Boost to government plans to deploy large-scale reactors
Voters in Kazakhstan backed the construction of a nuclear power station in the Central Asian country in a referendum held on Sunday 6 October, data by the Central Election Commission has shown.
According to the commission, 71% of participants voted in favour of the project, while 26% voted against. Voter turnout in the nation of 19 million people was about 64% (63.66%), the data showed.
Kazakhstan’s government announced the exact date for the referendum in early September 2024, although a referendum proposal had been circulated for a few years.
Local media said voters were presented with a straightforward question in the referendum – "Do you agree with the construction of a nuclear power plant in Kazakhstan?” – requiring a simple yes-or-no response.
Kazakh president Kassym-Jomart Tokayev said earlier this year that economic development will be impossible without a stable energy supply and he had instructed officials to begin work on plans for the construction of a nuclear power station.
The site being considered for new nuclear is near Ulken village in the Almaty Region, 330 km northwest of the city of Almaty on the shores of Lake Balkhash in southeastern Kazakhstan.
The site, however, is not final and “is subject to change”, an official at the National Nuclear Centre of Kazakhstan told NucNet last year.
Ulken was established in the 1980s to house workers for a planned hydroelectric power plant. That project was unfinished when the Soviet Union collapsed and high-rise apartments are the only completed constructions from the period.
Kazakhstan is the world’s largest uranium producer, but has no commercial nuclear power plant. It has four operational research reactors that are used for fuels and materials testing.
Plans to deploy large-scale nuclear power during the Soviet era were dropped due to the availability of other energy options, although the country operated a single fast neutron reactor at the Caspian Sea site of Aktau between 1972 and 1999.

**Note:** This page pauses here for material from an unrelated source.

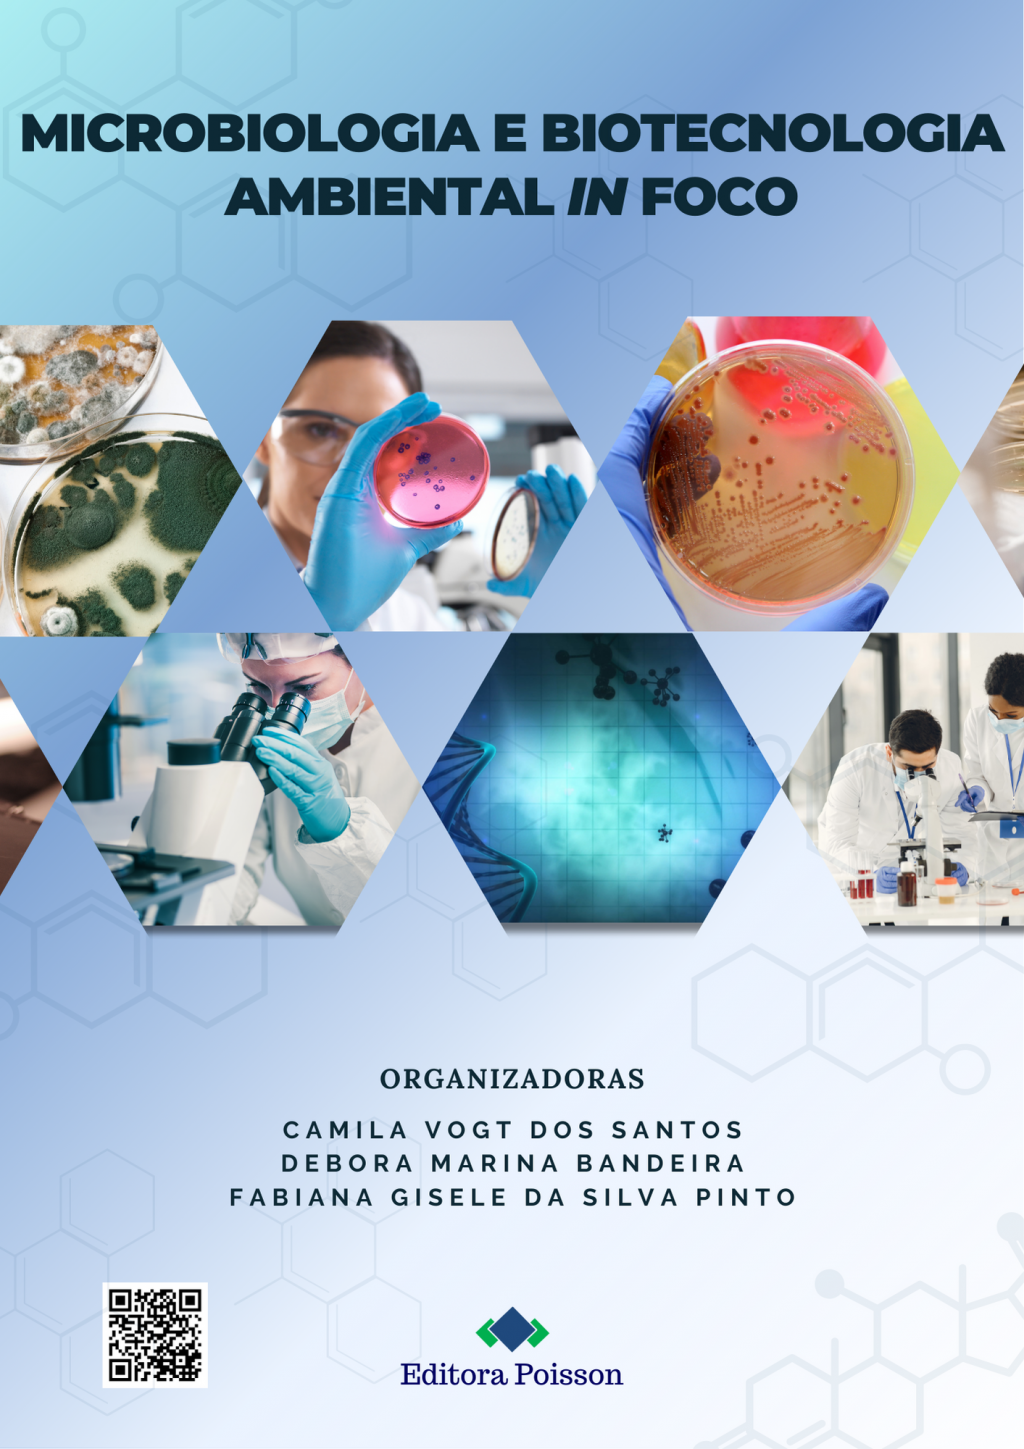 Microbiologia e Biotecnologia Ambiental in foco – Volume 1

According to the International Energy Agency, Kazakhstan is a significant producer of coal, crude oil and natural gas, and a major energy exporter. While coal dominates the country’s energy mix, renewable sources of energy are a small but growing share of Kazakhstan’s electricity generation.
In 2023, Kazakhstan’s energy minister said the country had received offers from France, China, South Korea and Russia to build its first nuclear power station.
Earlier reports have also said that Astana is looking at deploying large-scale reactor technology for its first nuclear station.